How do we Define Caffey Disease?
Caffey Disease which is also known by the name of Infantile Cortical Hyperostosis is a type of a disorder of the bones found mostly in babies. The main characteristic of Caffey Disease is uncontrolled formation of new bones. These abnormalities usually affect the bones of the jaw, shoulders, collarbones, and shafts of long bones in the extremities. Once the bones get affected by this disease they may become double or even triple their original width which can be visualized easily on x-ray images. In some cases, when there are two bones adjacent to each other like a pair of ribs or the long bones of the extremities they become fused together. Babies affected with Caffey disease also have swelling of joints and soft tissues along with pain and erythema in the affected areas. Such children often are irritable and feel feverish.

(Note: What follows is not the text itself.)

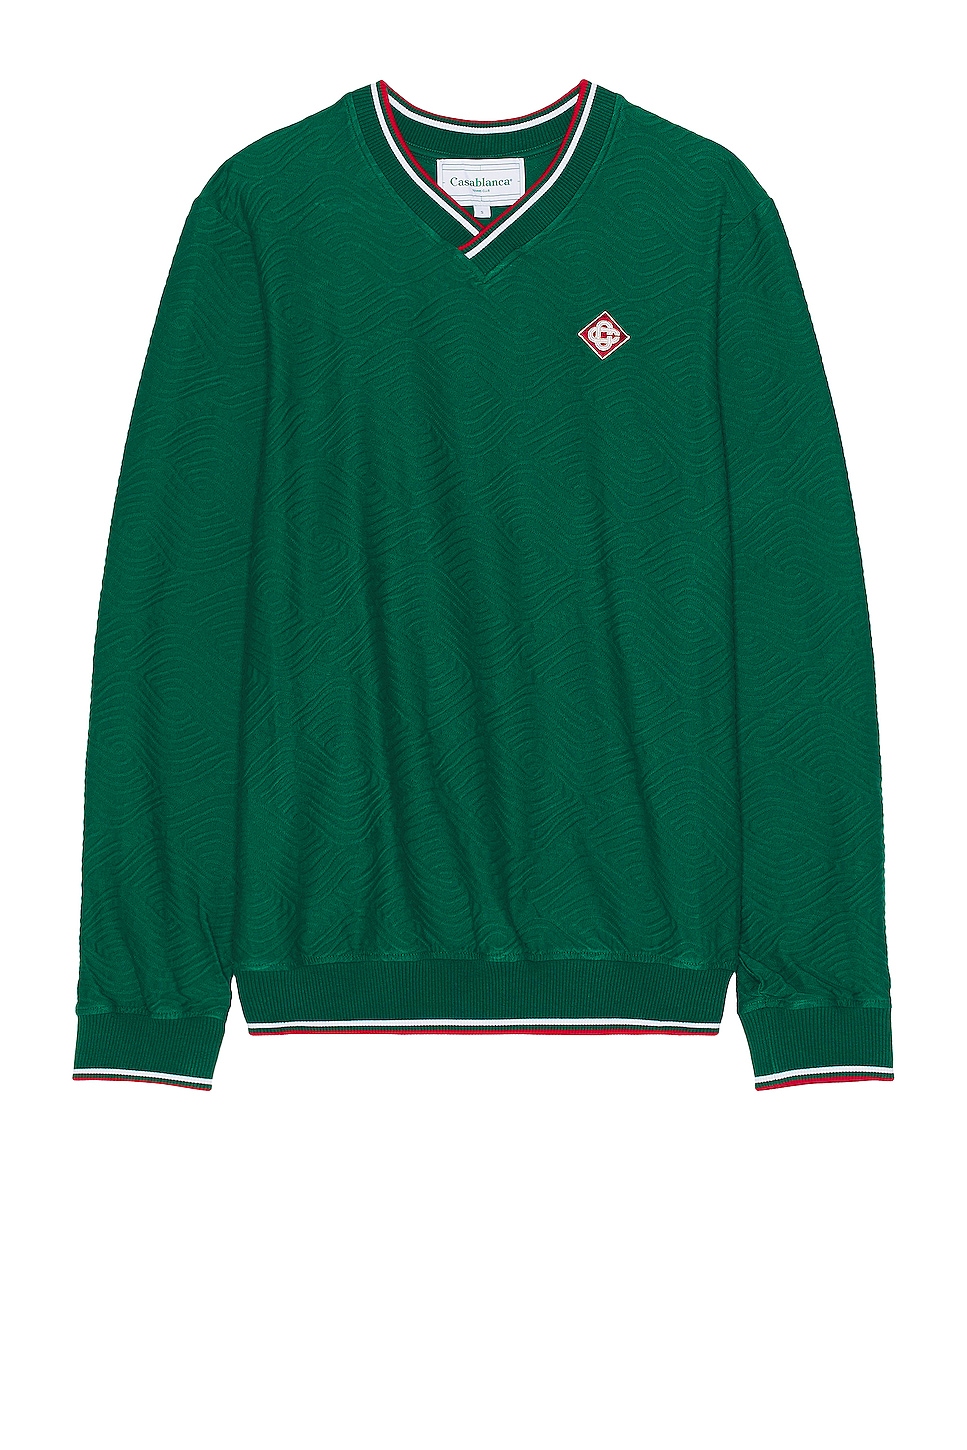 Image 1 of Casablanca 3d Wave Sweater in Green

How Common is Caffey Disease?
Caffey Disease is quite rare and studies suggest that it affects about 4 in every 1000 child around the globe. Researchers are of the opinion that this disease is normally not diagnosed properly as in most of the cases it goes away as the child grows and with passage of time.
What Causes Caffey Disease?
Caffey Disease is caused by mutation of gene COL1A1. This gene functions by providing instructions to make a part of a large molecule known as collagen. Collagens are proteins which function by supporting and strengthening body tissues to include the cartilages, bones, tendons, and skin. This collagen is found in these areas in spaces around the cells. The molecules of the collagen are cross-linked in thin fibrils which are very flexible and strong.
What are the Symptoms of Caffey Disease?
If a child is affected with Caffey Disease the child will experience the following three main symptoms which are soft-tissue swelling, bone lesions, and irritability. The soft tissue swelling normally comes on all of a sudden. It is deep and firm. There will also be tenderness of the soft tissues. These lesions may affect several parts of the body to include the mandible, tibia, ulna, scapula, ribs, skull, and the metatarsals. If the mandible is affected the child may refuse to eat anything resulting in poor growth of the child.
How is Caffey Disease Diagnosed?
In majority of cases, Caffey Disease can be diagnosed with just a physical examination of the affected child. Imaging studies in the form of x-rays are ordered which will show bony changes as well as soft tissue swelling which again will confirm the diagnosis. The physician may then order a biopsy of the affected area which will show changes consistent with Caffey Disease. There are no specific blood tests to confirm the diagnosis of Caffey Disease but if an ESR is checked it will show an elevated count along with elevated alkaline phosphatase levels. Anemia may also be present on CBC and also presence of high white blood cell count. All the above tests go a long way in confirming the diagnosis of Caffey Disease.
How is Caffey Disease Treated?
Caffey Disease normally is a self-limiting condition and resolves on its own with the passage of time and no specific treatment is required. Corticosteroids and NSAIDS may be helpful in controlling the symptoms in severe cases.
Recovery and Prognosis of Caffey Disease
Normally, this condition takes around eight to nine months for complete recovery. In some cases an affected child may have bony fusions or limb length discrepancies although these cases are pretty rare due to Caffey Disease.